▶ [Data block]

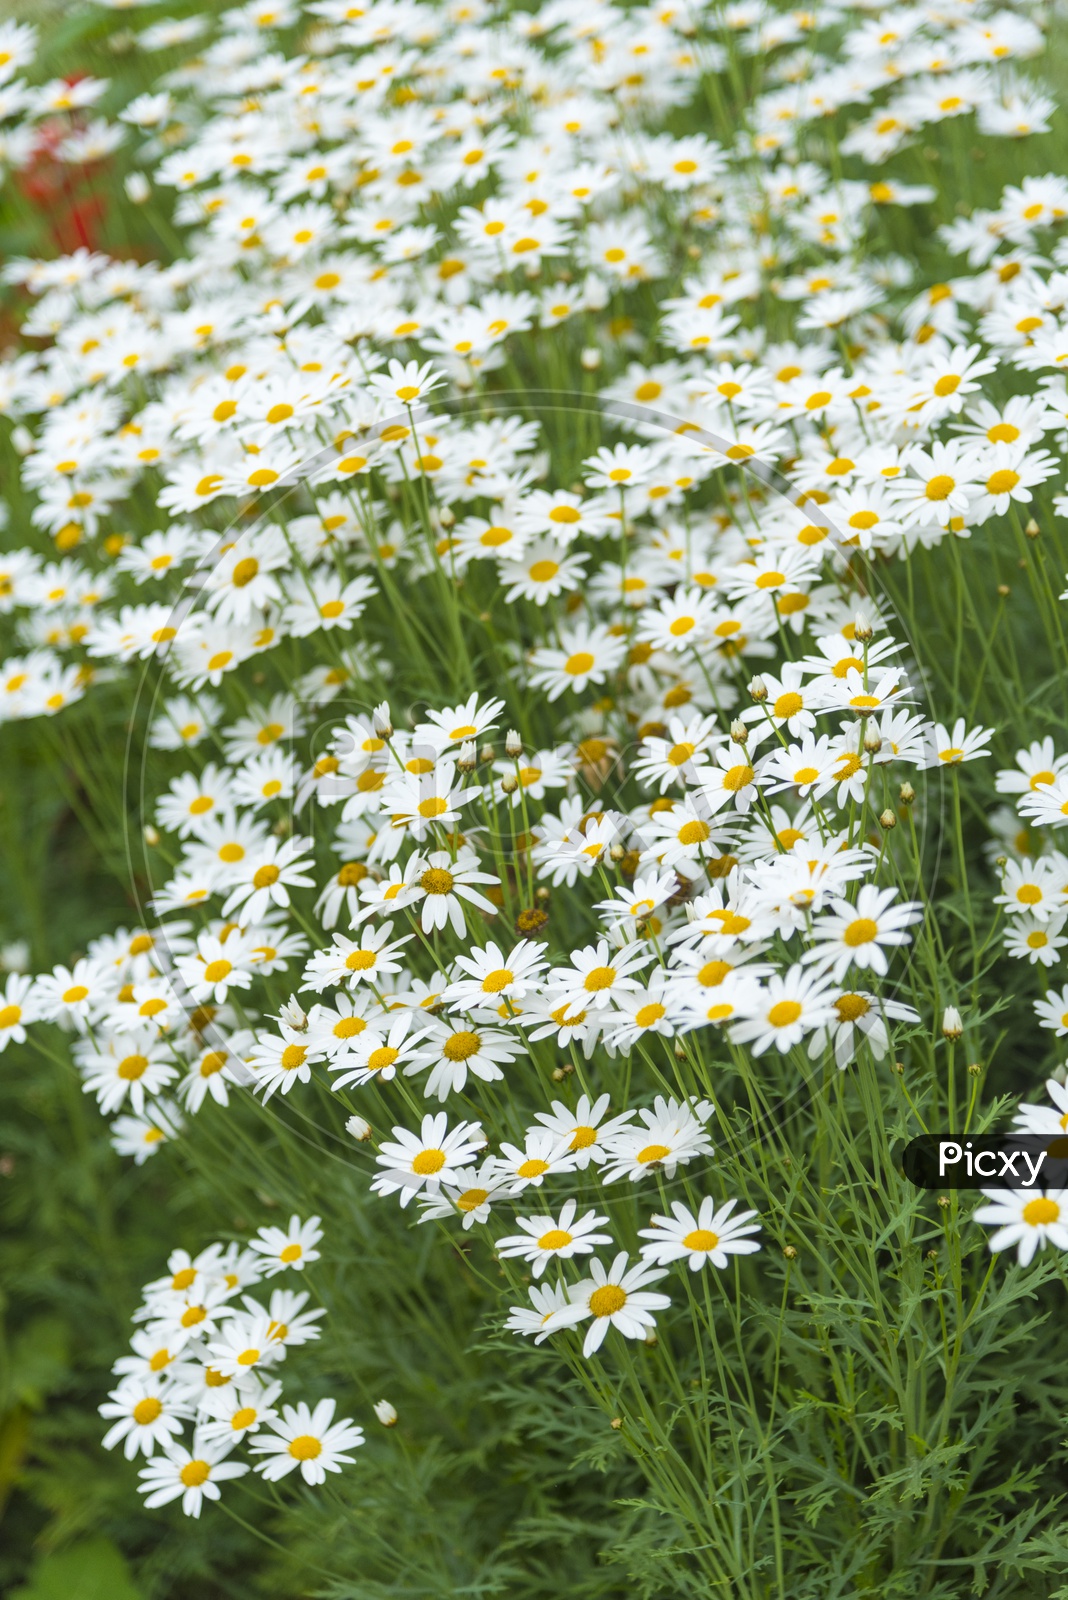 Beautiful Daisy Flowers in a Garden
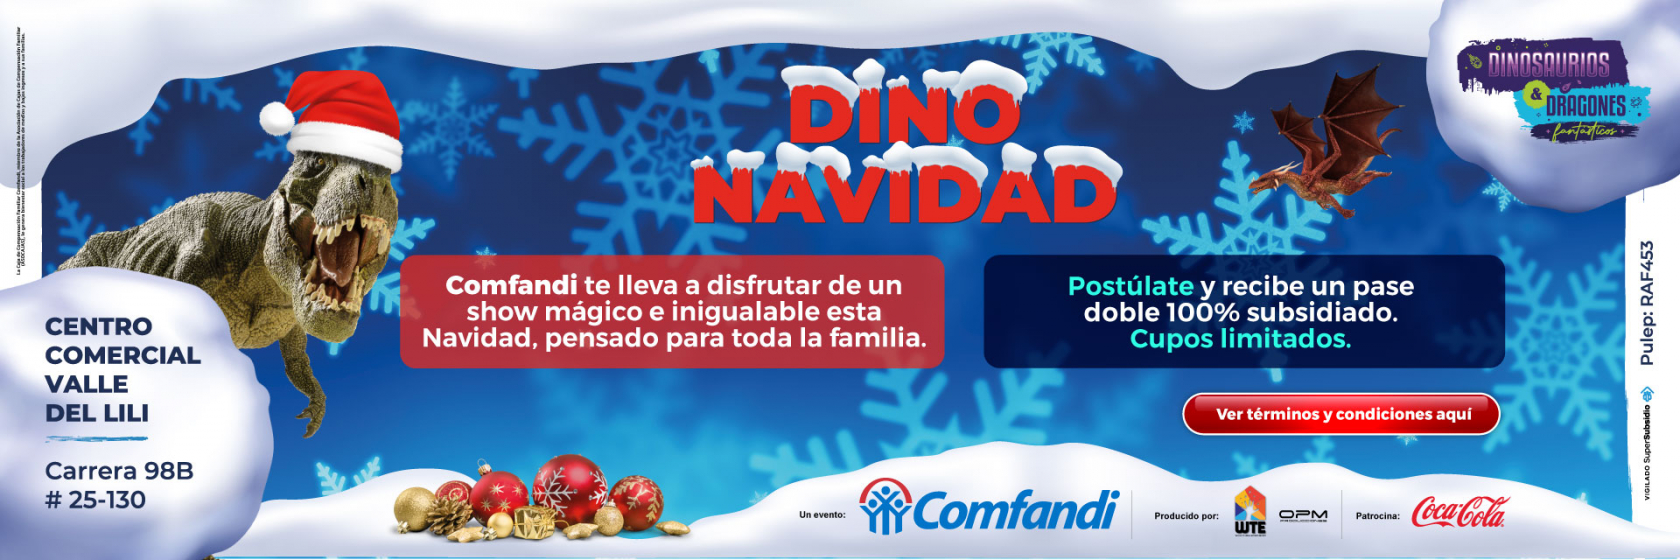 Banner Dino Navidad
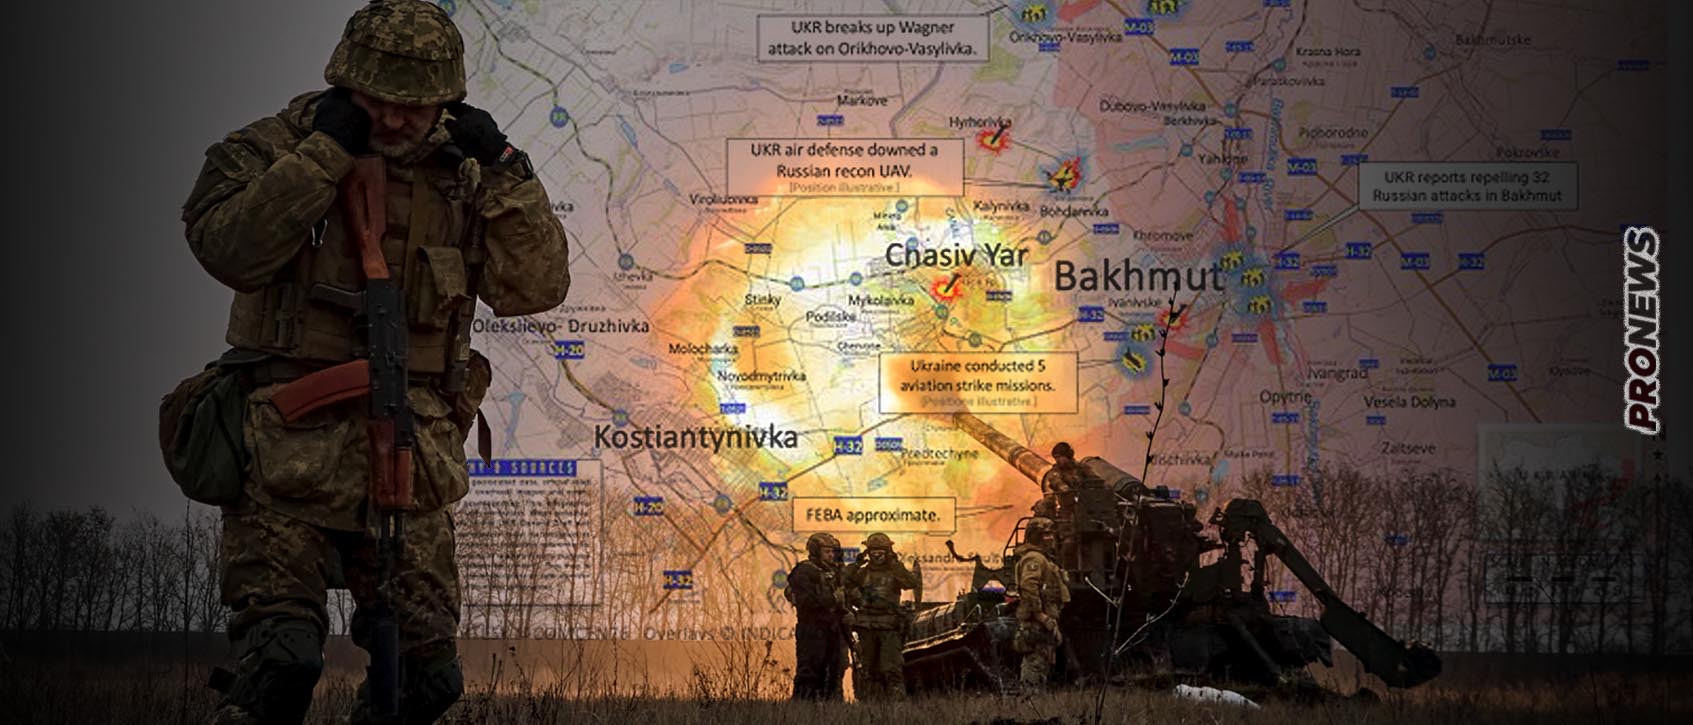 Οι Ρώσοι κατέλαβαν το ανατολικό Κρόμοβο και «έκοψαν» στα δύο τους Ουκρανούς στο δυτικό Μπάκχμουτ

▶ [What you are asked to do] Repeat the data above exactly, leaving out any pictures it holds.

▶ [Problem solution]
 Beautiful Daisy Flowers in a Garden
 Banner Dino Navidad
 Οι Ρώσοι κατέλαβαν το ανατολικό Κρόμοβο και «έκοψαν» στα δύο τους Ουκρανούς στο δυτικό Μπάκχμουτ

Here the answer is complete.